She concluded her season with a strong performance at the second Chinese National Youth Games. She won three gold medals: team, balance beam, and floor exercise. She also won silver in the all-around and on uneven bars, both behind Wei Xiaoyuan, and won bronze on the vault behind Guan Chenchen and Zhang Silei.

== Senior career ==
=== 2020 ===
After the postponement of the 2020 Summer Olympics due to the COVID-19 pandemic, Ou increased expectations for her senior debut by showing upgrades on all four events at an internal test in early September. She notably attempted a balance beam routine with a start value of 7.5, which was more than a point higher than the 6.4 start value of Simone Biles' winning routine at the 2019 World Championships. She also showed a new double-twisting Yurchenko vault and stuck a new Silivas (double-twisting double tuck) on floor to win the internal test ahead of reigning World all-around silver medalist Tang Xijing. However, a knee injury forced Ou to withdraw from the Chinese National Championships a few weeks later.

=== 2021 ===
In July, Ou was selected to represent China at the 2020 Summer Olympics alongside Lu Yufei, Tang Xijing, and Zhang Jin. Due to an Achilles injury, she only competed on the vault, uneven bars, and balance beam during the qualification round where she helped the Chinese team finish third. She did not qualify for any individual finals. In the team final, Ou fell on her double-twisting Yurchenko vault and the Chinese team finished seventh. Ou later competed on the 2021 Chinese National Games, finishing first in floor exercise and team final, and second in the all-around. She underwent surgery for her elbow and her ankle injuries afterwards and returned to her provincial team to recuperate.

=== 2022 ===
At the Chinese National Championships Ou placed second in the all-around behind Tang Xijing. Additionally she placed first with her team, third on balance beam and fifth on floor exercise. In October, she competed at the World Championships in Liverpool. China placed sixth in the team final, while Ou placed seventh in the all-around and sixth on balance beam after a fall.

=== 2023 ===
At the 2023 Chinese Artistic Gymnastics Championships, Ou qualified into the all around, beam, and floor finals in 2nd, 3rd, and 1st position respectively. She placed second in the all-around final behind Qiu Qiyuan and ahead of Zhang Qingying, as well as first with her team, third on balance beam and fourth on floor exercise after making minor mistakes.

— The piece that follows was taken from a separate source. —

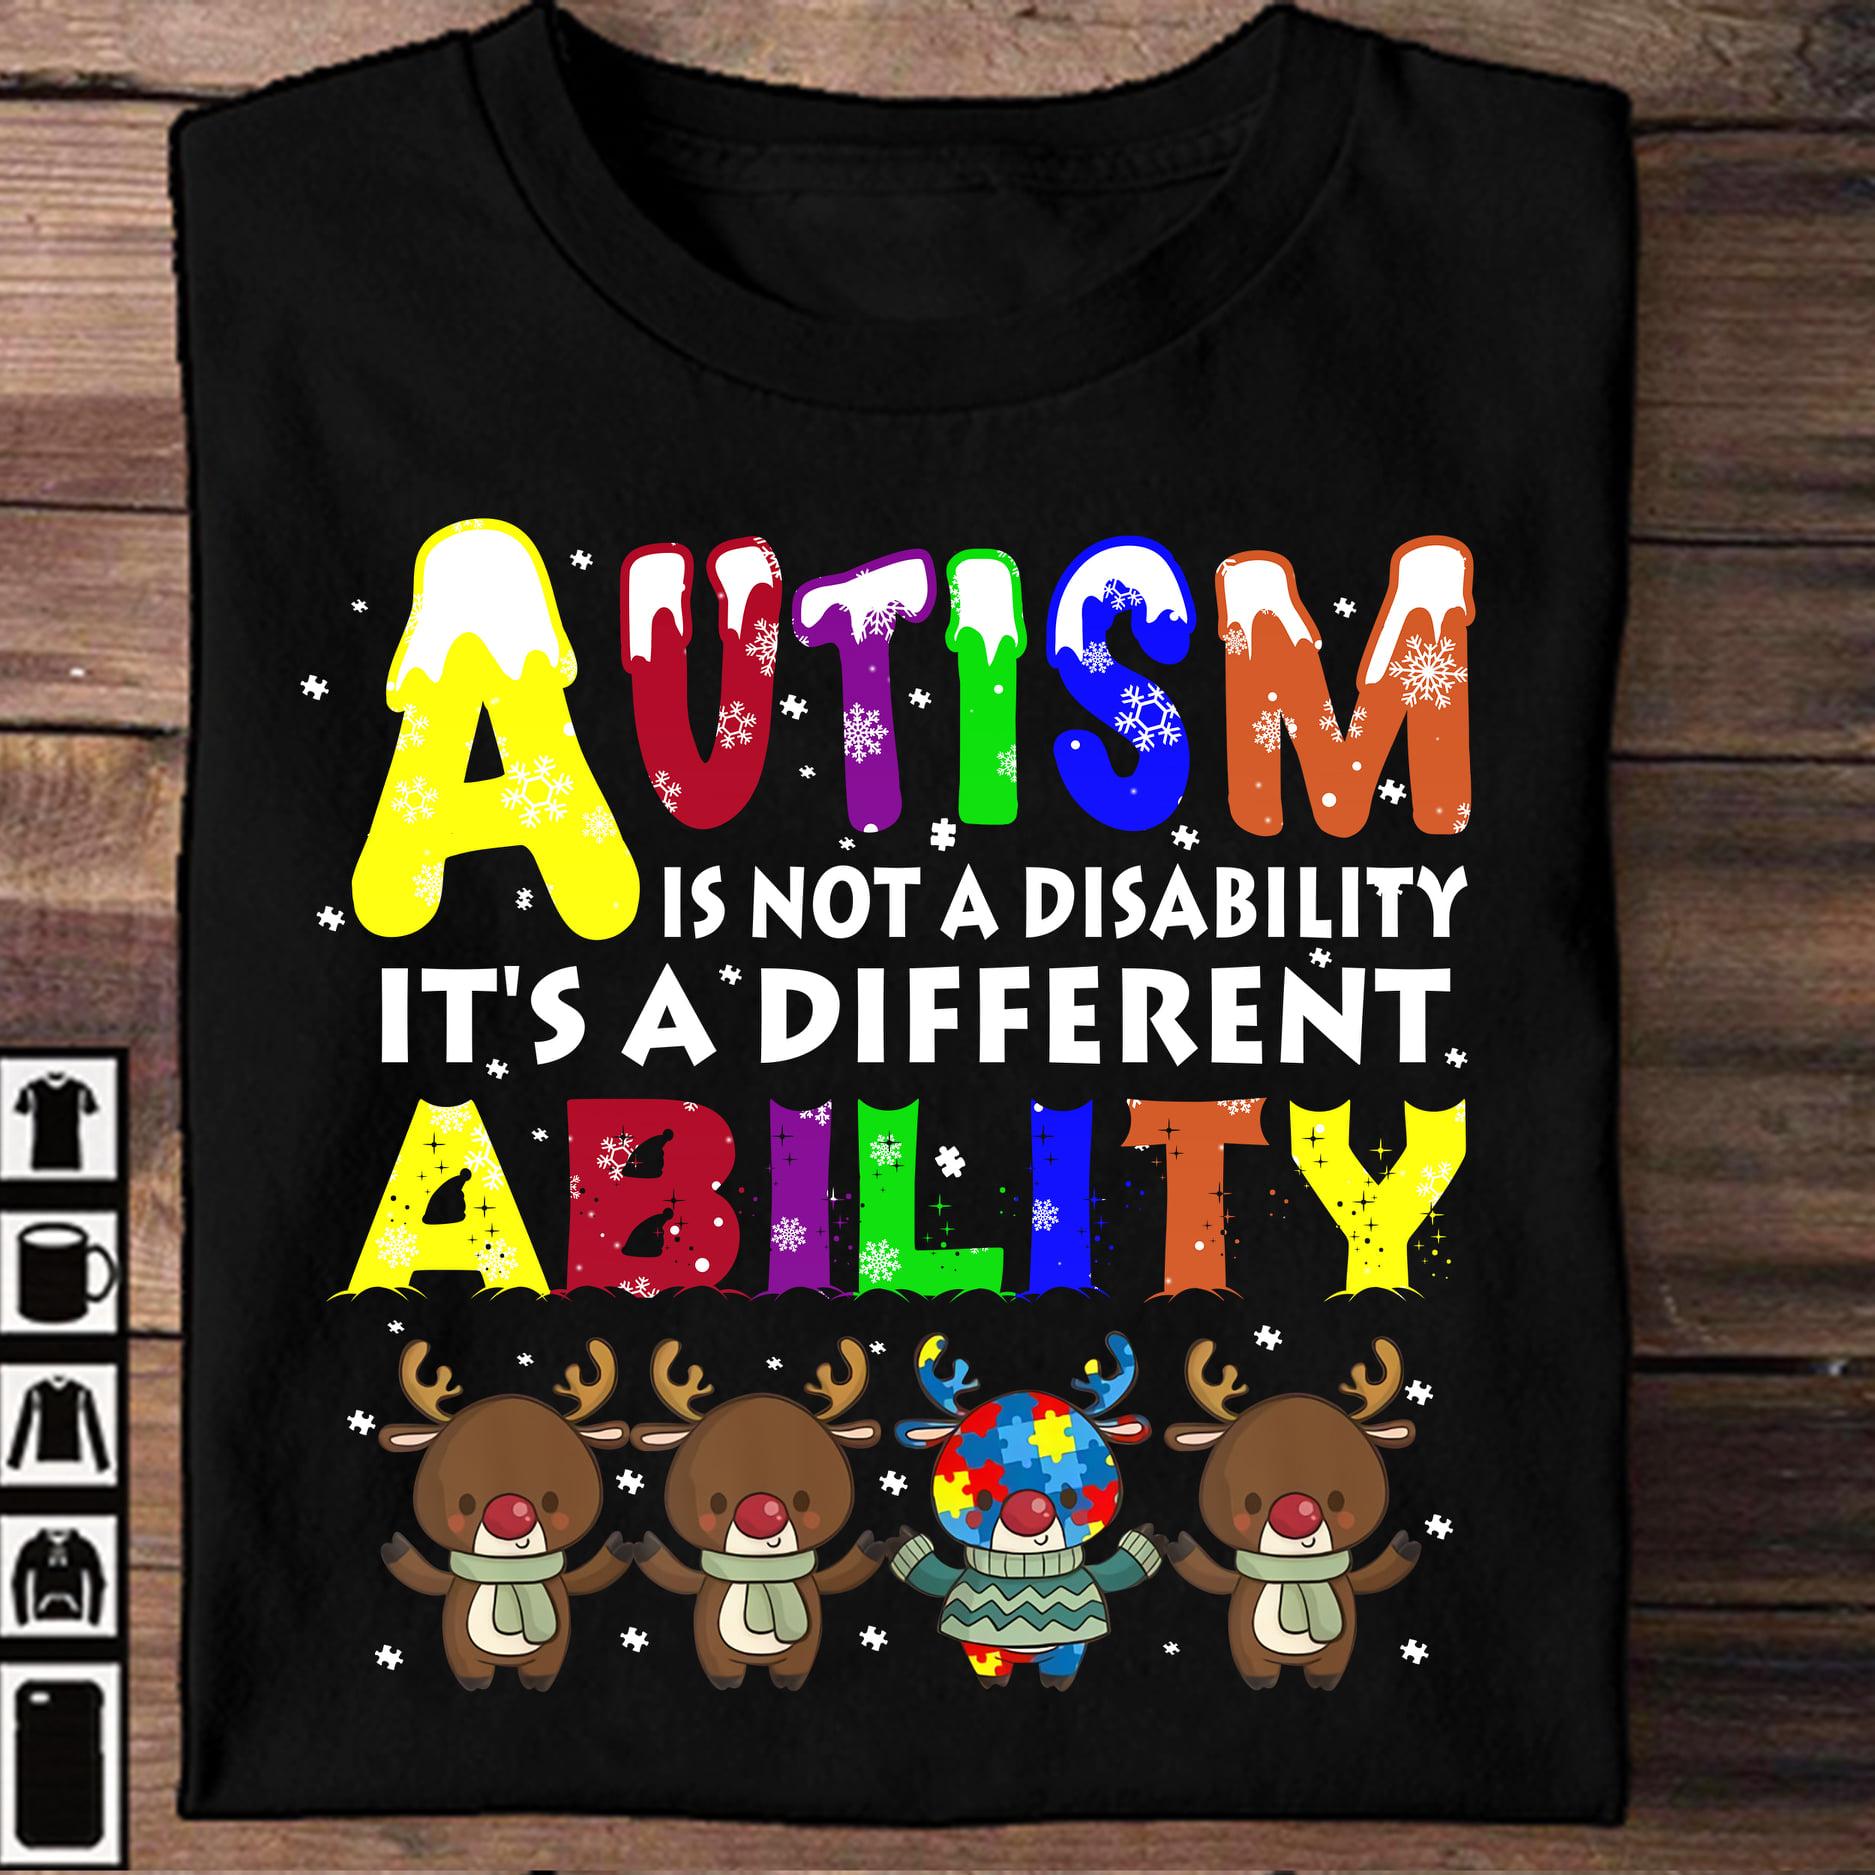 Autism is not a disablity it's a different ability - Autistic reindeer, Christmas day gift, autism awareness

In August, Ou compete at the 2021 Summer World University Games in Chengdu, China along with Wei Xiaoyuan, Du Siyu, Luo Huan, and Zhang Jin. She qualified into the all-around, beam, and floor finals in first position. Ou placed first in the all-around ahead of teammate Luo Huan and Japanese gymnast Ayaka Sakaguchi. She also placed first with the Chinese team, and in the balance beam and floor exercise finals. In October, she was selected to compete in Antwerp for the 2023 World Artistic Gymnastics Championships alongside Qiu Qiyuan, Zhang Qingying, Zhou Yaqin, Huang Zhuofan and Wu Ran. She qualified into the individual all around and team finals. Team China finished in 4th place behind the United States of America, Brazil, and France. During team finals, Ou injured her foot on her first event which led her to withdraw from the all around finals.

=== 2024 ===
Ou began her season at the Baku World Cup in Azerbaijan, winning silver on floor exercise. In June she was selected to represent 2024 Olympic Games in Paris alongside Qiu Qiyuan, Zhou Yaqin, Zhang Yihan, and Luo Huan. At the Olympics they placed sixth as a team. Individually Ou finished sixteenth in the all-around and eighth on floor exercise.

== Competitive history ==

Year: Event; Team; AA; VT; UB; BB; FX
Junior
2018: National Championships; 1st place, gold medalist(s)
2019: National Championships; 1st place, gold medalist(s); 3rd place, bronze medalist(s); 3rd place, bronze medalist(s); 1st place, gold medalist(s); 2nd place, silver medalist(s)
Junior World Championships: 2nd place, silver medalist(s); 3rd place, bronze medalist(s); 5; 8; 2nd place, silver medalist(s)
National Youth Games: 1st place, gold medalist(s); 2nd place, silver medalist(s); 3rd place, bronze medalist(s); 2nd place, silver medalist(s); 1st place, gold medalist(s); 1st place, gold medalist(s)
Senior
2020: National Championships; WD
2021: National Championships; 1st place, gold medalist(s); 6
Olympic Games: 7
National Games: 1st place, gold medalist(s); 2nd place, silver medalist(s); 2nd place, silver medalist(s); 1st place, gold medalist(s)
2022: National Championships; 1st place, gold medalist(s); 2nd place, silver medalist(s); 3rd place, bronze medalist(s); 5
World Championships: 6; 7; 6; R3
2023: National Championships; 1st place, gold medalist(s); 2nd place, silver medalist(s); 3rd place, bronze medalist(s); 4
World University Games: 1st place, gold medalist(s); 1st place, gold medalist(s); 1st place, gold medalist(s); 1st place, gold medalist(s)
World Championships: 4; WD
2024: Baku World Cup; R3; 2nd place, silver medalist(s)
Olympic Games: 6; 16; 8
2025: Chinese Nationals; 2nd place, silver medalist(s); 9; 7
National Games: 2nd place, silver medalist(s)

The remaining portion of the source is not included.